Pre-pep discussion material: in-place equivalents to map and filter

Steve D'Aprano steve+python at pearwood.info
Thu Nov 3 13:00:39 EDT 2016


On Fri, 4 Nov 2016 01:05 am, Chris Angelico wrote:

> On Thu, Nov 3, 2016 at 7:29 PM, Steven D'Aprano
> <steve+comp.lang.python at pearwood.info> wrote:
>>> lst = map (lambda x: x*5, lst)
>>> lst = filter (lambda x: x%3 == 1, lst)
>>> And perform especially bad in CPython compared to a comprehension.
>>
>> I doubt that.
>>
> 
> It's entirely possible. A list comp involves one function call (zero
> in Py2), but map/lambda involves a function call per element in the
> list. Function calls have overhead.

I don't know why you think that list comps don't involve function calls.

Here's some timing results using 3.5 on my computer. For simplicity, so
folks can replicate the test themselves, here's the timing code:


from timeit import Timer
setup = """data = list(range(10000))
def func(x):  # simulate some calculation
    return {x+1: x**2}
"""
t1 = Timer('[func(a) for a in data]', setup=setup)
t2 = Timer('list(map(func, data))', setup=setup)



And here's the timing results on my machine:

py> min(t1.repeat(number=1000, repeat=7))  # list comp
18.2571472954005
py> min(t2.repeat(number=1000, repeat=7))  # map
18.157311914488673

So there's hardly any difference, but map() is about 0.5% faster in this
case.

Now, it is true that *if* you can write the list comprehension as a direct
calculation in an expression instead of a function call:

    [a+1 for a in data]

*and* compare it to map using a function call:

    map(lambda a: a+1, data)


then the overhead of the function call in map() may be significant. But the
extra cost is effectively just a multiplier. It isn't going to change
the "Big Oh" behaviour. Here's an example:

t3 = Timer('[a+1 for a in data]', setup=setup)
t4 = Timer('list(map(lambda a: a+1, data))', setup=setup)
extra = """from functools import partial
from operator import add
"""
t5 = Timer('list(map(partial(add, 1), data))', setup=setup+extra)

And the timing results:

py> min(t3.repeat(number=1000, repeat=7))  # list comp with expression
2.6977453008294106
py> min(t4.repeat(number=1000, repeat=7))  # map with function
4.280411267653108
py> min(t5.repeat(number=1000, repeat=7))  # map with partial
3.446241058409214

So map() here is less than a factor of two slower. I wouldn't call
that "especially bad" -- often times, a factor of two is not important.
What really hurts is O(N**2) performance, or worse.

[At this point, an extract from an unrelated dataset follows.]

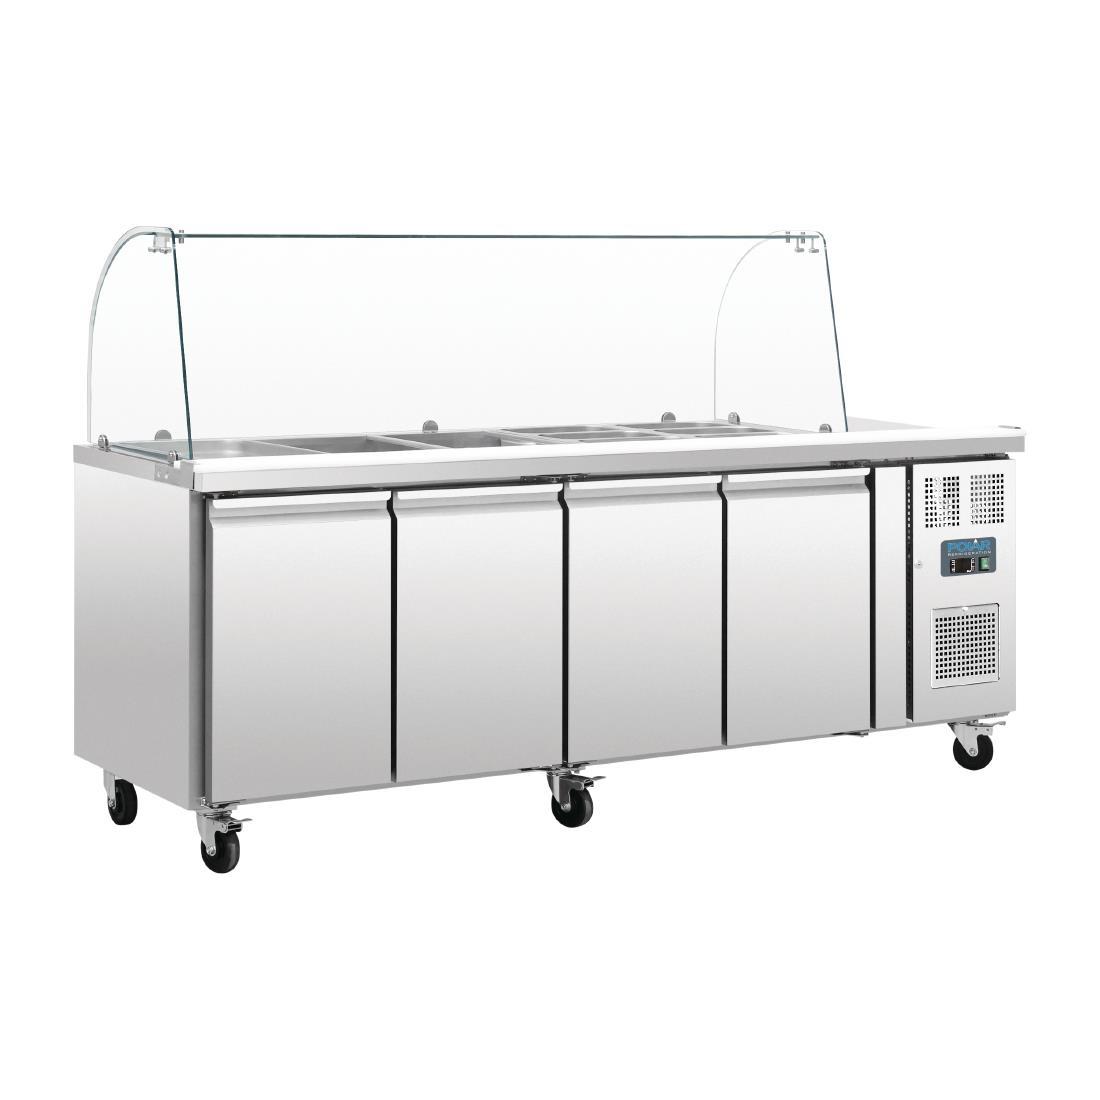 Polar U-Series Four Door Refrigerated Gastronorm Saladette Counter - CT395  - 1

So at worst, map() is maybe half as fast as a list comprehension, and at
best, its perhaps a smidgen faster. I would expect around the same
performance, differing only by a small multiplicative factor: I wouldn't
expect one to be thousands or even tens of times slower that the other.



-- 
Steve
“Cheer up,” they said, “things could be worse.” So I cheered up, and sure
enough, things got worse.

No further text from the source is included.